Thursday, November 27, 2008

Becket or The Honor of God


Happy Thanks -giving! I am thankful to be over the flu and back online. But while I was sick I managed to finish some reading, including Becket by Jean Anouilh.

I have to confess, in my freshman history class, I had trouble keeping Thomas Becket separate from Thomas More. Both Thomases opposed powerful Henrys (the II and the VIII) and were killed for holding certain ideas of the Church above the king. And I'm not the only one to see a connection.

I particularly appreciated Stephen Greydanus' remark, "In a way the 12th-century events of Becket, which is the earlier story (and also the earlier play, and the earlier film), play as a kind of dress rehearsal for the more momentous 16th-century events related in A Man for All Seasons." The whole time I was reading the play, I kept thinking, "This line is so familiar. I've seen this. No, wait... that was A Man for All Seasons." Now I don't feel so silly.

Anouilh admits that his play is not always historically accurate (particularly in it's portrayal of Becket as a Saxon), and as I was reading, I found myself thinking, "Really? People were that primitive back then?" But it's not the actions, or even the attitudes, of the characters that I had trouble believing. Instead, it's the convenient simplicity of his dialogue that throws me. Anouilh says in his preface that he is not a "serious" person, and his dialogue has a witty, light touch, but this somehow makes it too heavy-handed when revealing who the unenlightened, selfish characters are (i.e. all the Normans). Also, Becket's motives for refusing the king seem petty, or even self-serving, at times, but Anouilh doesn't question them.
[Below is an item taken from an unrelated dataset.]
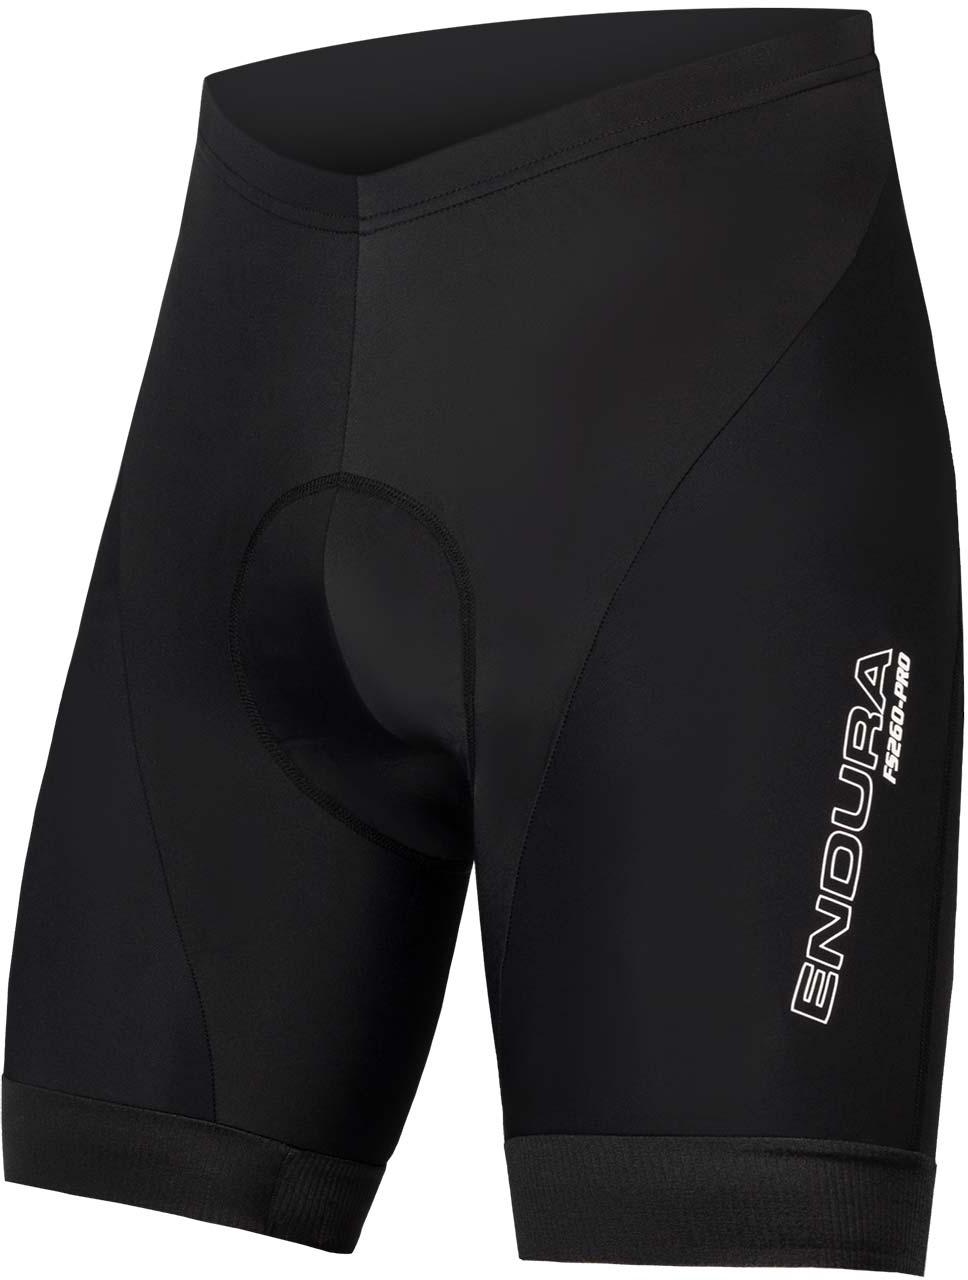 Endura Fs260-pro Shorts  Black
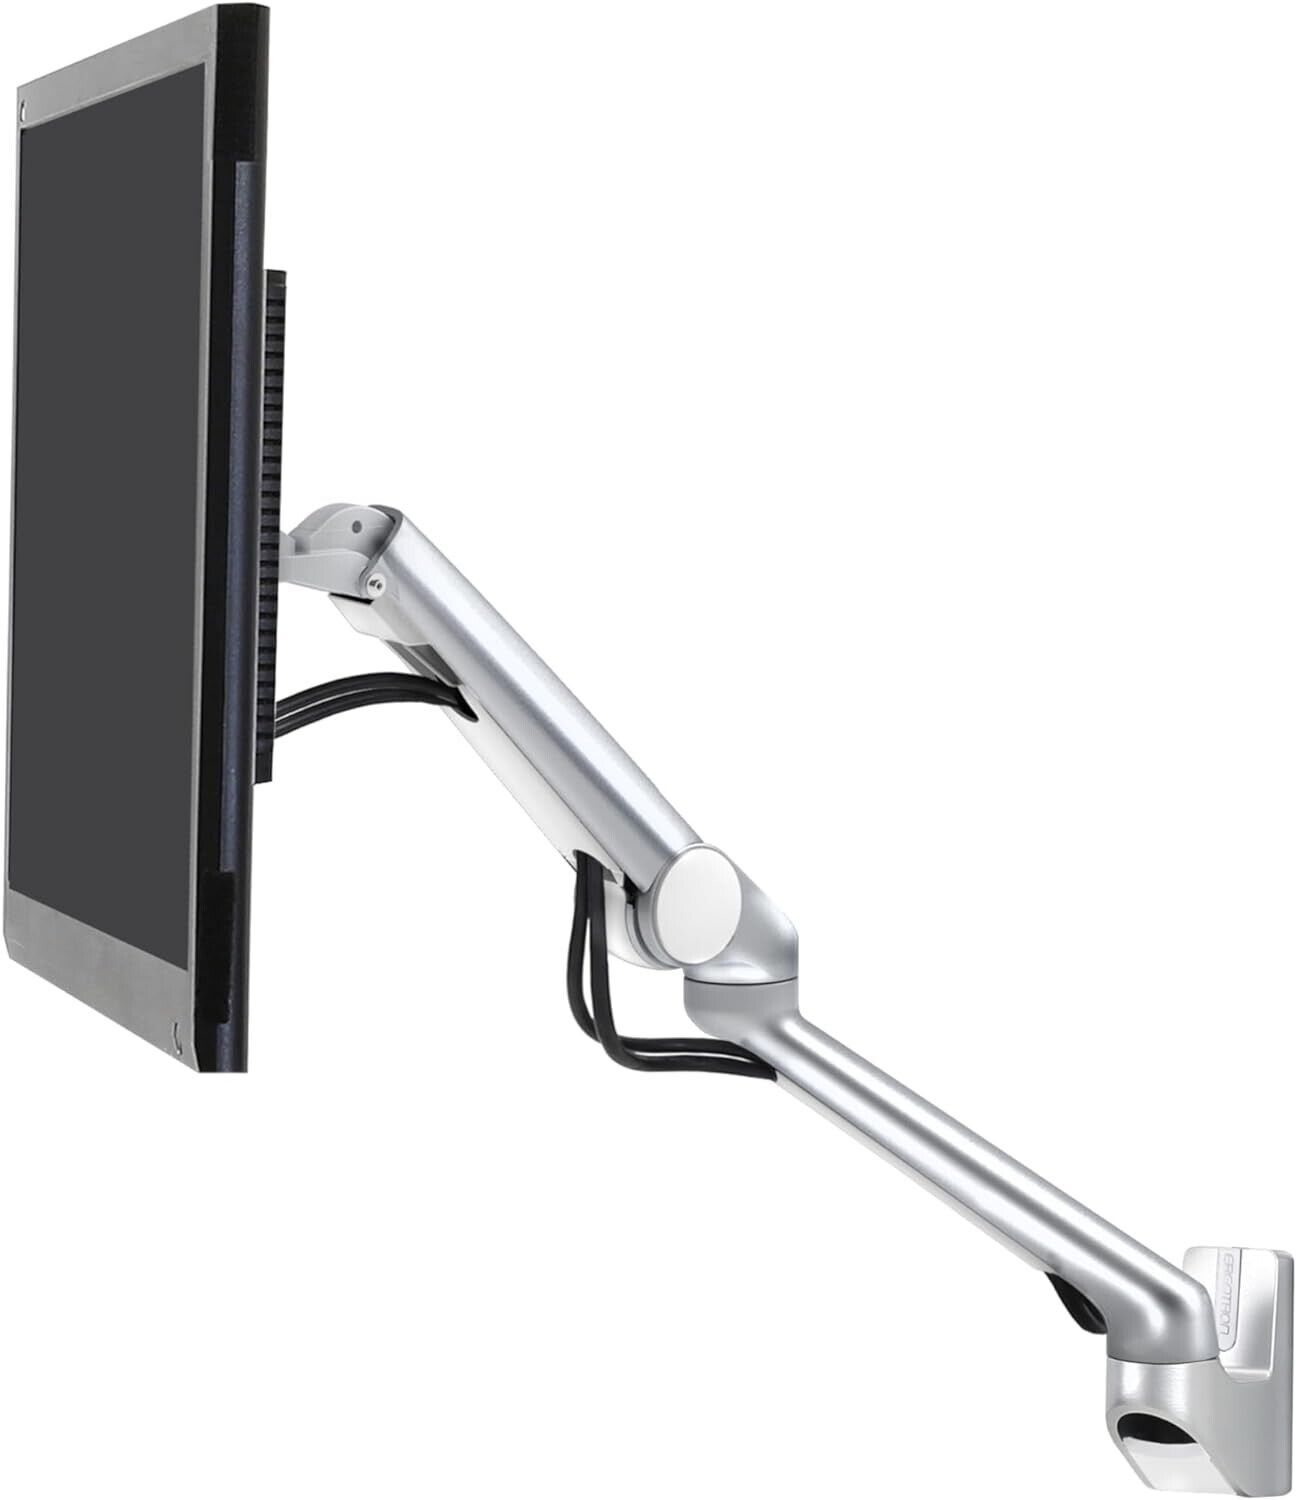 Ergotron MX Mini Single Monitor Arm, VESA Wall Mount for Monitors Up to 24 Inch

Not that I would be overly embarrassed if I had written Becket. Anouilh's play is still an enjoyable and powerfully concise treatment of honor, religion, and politics. I'll have more to say about it once I've read T.S. Eliot's Murder in the Cathedral.

Side note: Henry VIII may not have missed possible connections between Thomas Becket (d. 1170) and Thomas More (d. 1535) either because in 1538 he ordered Thomas Becket's shrine destroyed and all references to his murder and sainthood erased. This was only after the long-dead saint refused to show up at a trial to explain why he wasn't a traitor.

Saturday, November 22, 2008

King Lear



Huzzah! for Shakespeare. I just finished King Lear (which, strangely enough, I never read in my college Shakespeare class). This may be my favorite Shakespearean tragedy, after Hamlet.

Every possible opinion about King Lear (as well as every possible "study guide"--useful or otherwise) seems to available online. But the line "Would it have killed [Cordelia] to flatter her father just a little?" made me laugh. Cordelia as a pointlessly stubborn troublemaker could make an interesting essay...

On a more serious literary note, I found this wonderful exploration of Mansfield Park as a retelling of King Lear by Susan Allen Ford. I wish the ending wasn't so abrupt (I would have liked more about the significance of Austen's conclusion), but Mansfield Park is my least favorite Austen story, so anything that helps me see Fanny Price as more than a Regency period Elsie Dinsmore is greatly appreciated.

The painting at top is by Edwin Austin Abbey. (See how evil Regan and Goneril look? They're like Lady Macbeth twins!) I also love Susan Herbert's Cat King Lear yowling against the storm.